I will attempt to understand why Braverman and supporters of his thinking would make such wild assertions.
The Central Zionist Archives, a sub-organization of the World Zionist Organization, affirms that in the late 19th century, the Zionist movement was a response to the rising anti-Semitism in Europe, particularly against Ashkenazi Jews. The Austro-Hungarian journalist Theodor Herzl formalized the political movement in 1897 with the First Zionist Congress (WZO).
At that time, the movement sought to encourage Jewish migration to a Jewish homeland. It’s become widely agreed upon that Zionism is the movement of the Jewish people and the Jewish culture to return to its roots back in Israel.
This is a very condensed version of Zionism. Arguably — and this point is used many times by anti-Israel and anti-Semitic scholars — the Holocaust was the driving force for the creation of Israel.
Braverman makes the argument that Jewish organizations as well as the culture itself merely “uses” the Holocaust as a justification of Jewish influence. He said that “the Nazi Holocaust in particular casts its shadow over our modern history and the history of the State of Israel. The Nazi’s campaign to eradicate world Jewry has become part of our uniquely Jewish ‘Liturgy of Destruction,’ the way we Jews throughout the ages have made sense of our suffering by turning to the broader context of Jewish history.
From this matrix of vulnerability, victimization and meaning-making comes the Zionist cry, ‘Never again!’”

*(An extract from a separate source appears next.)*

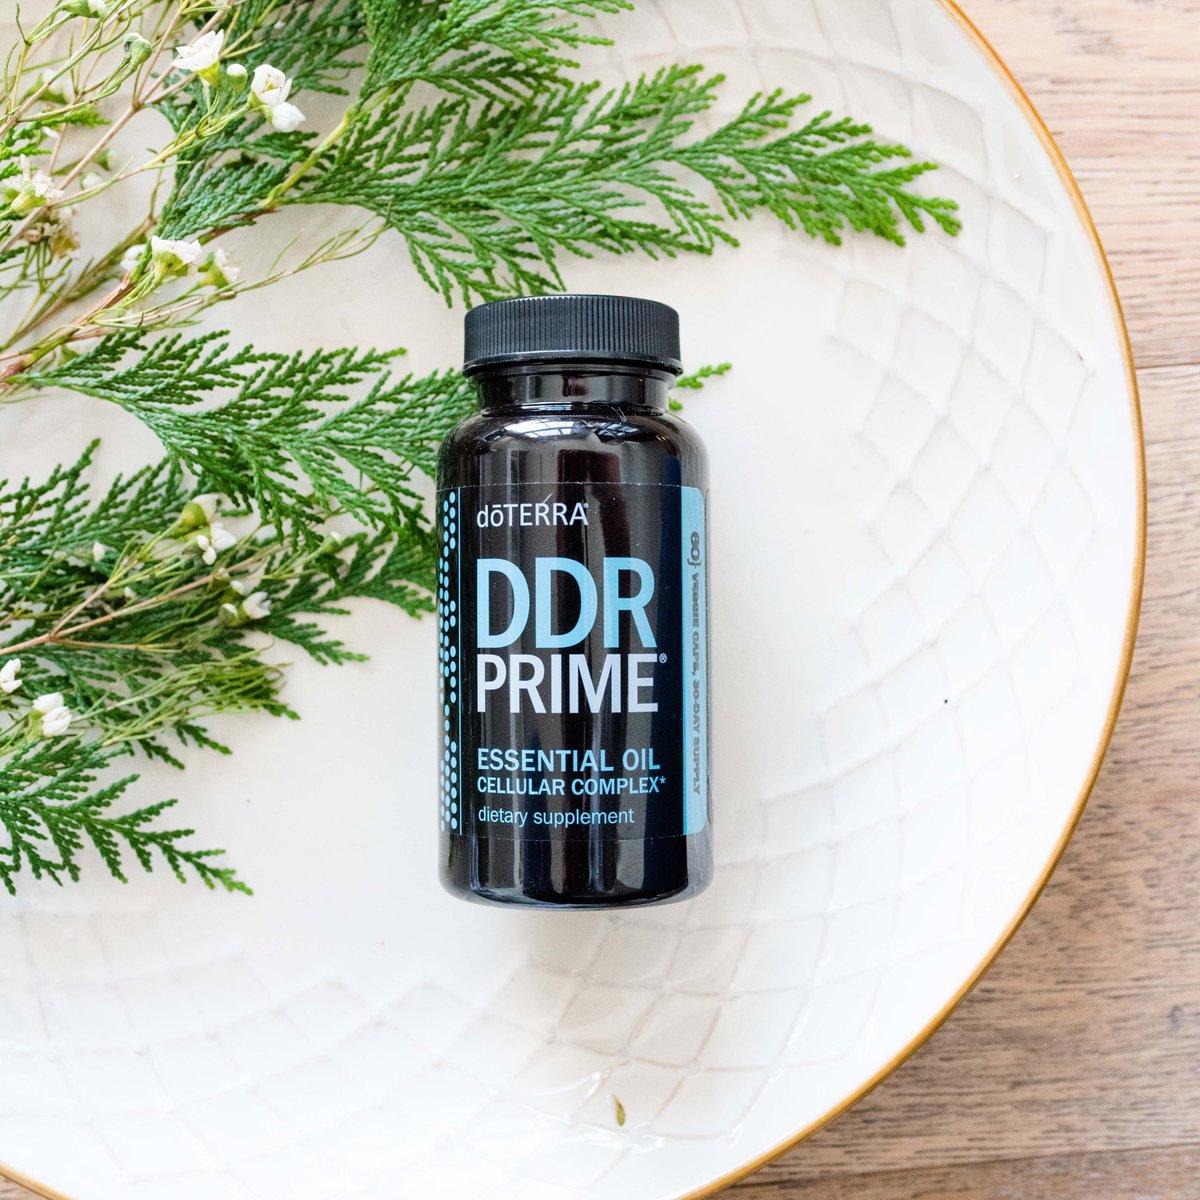 DDR-PRIME
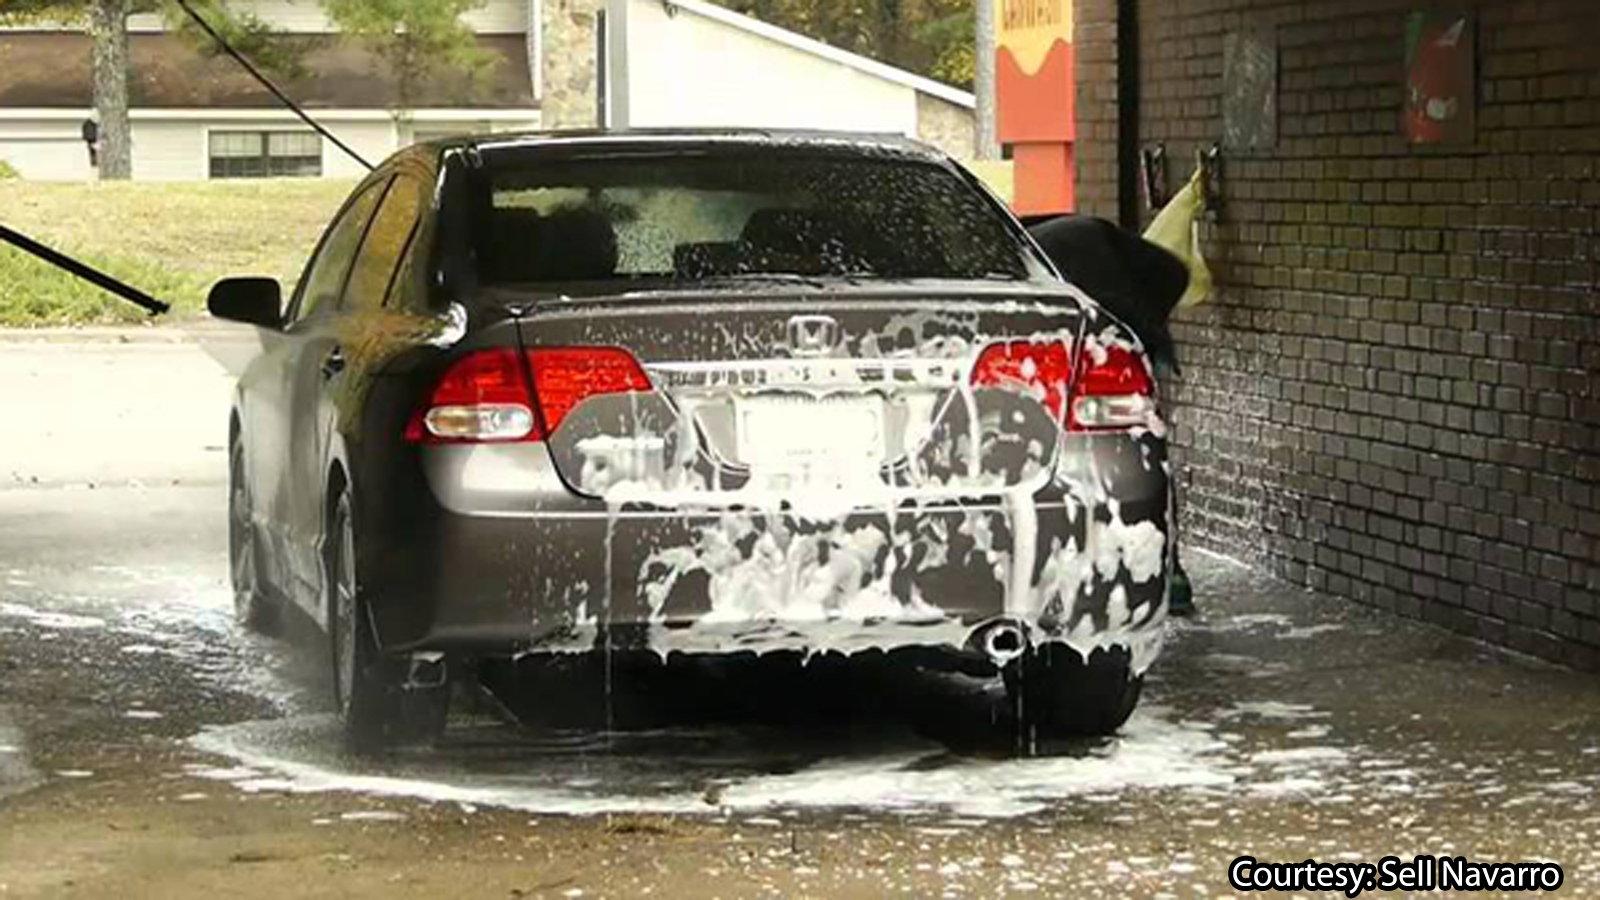 3. Wash Regularly

The good doctor must have forgotten his heritage in that he seems to assume the Holocaust was the only tragedy that befell the Jewish people. This isn’t the first time the Jewish people have been killed or singled out for what they believe in or just because they’re Jewish; I can cite historical events from the Spanish Inquisition to the Crusades.
The trivialization of the Holocaust as well as other traumatic events in Jewish history not only allows for the spread of anti-Semitic philosophies around the world, but also here at home and at UT.
It worries and frightens me that there are people who take his work as meaningful. As a Jewish student, I’m frightened. I’m frightened not only for the future of the Jewish people, but for other marginalized groups.
If Braverman is so passionate about his cause, then his trivialization of such a tragedy in human history would make me doubt any semblance of his intentions for a meaningful sense of reason.
Maxwell Gold is a senior studying philosophy.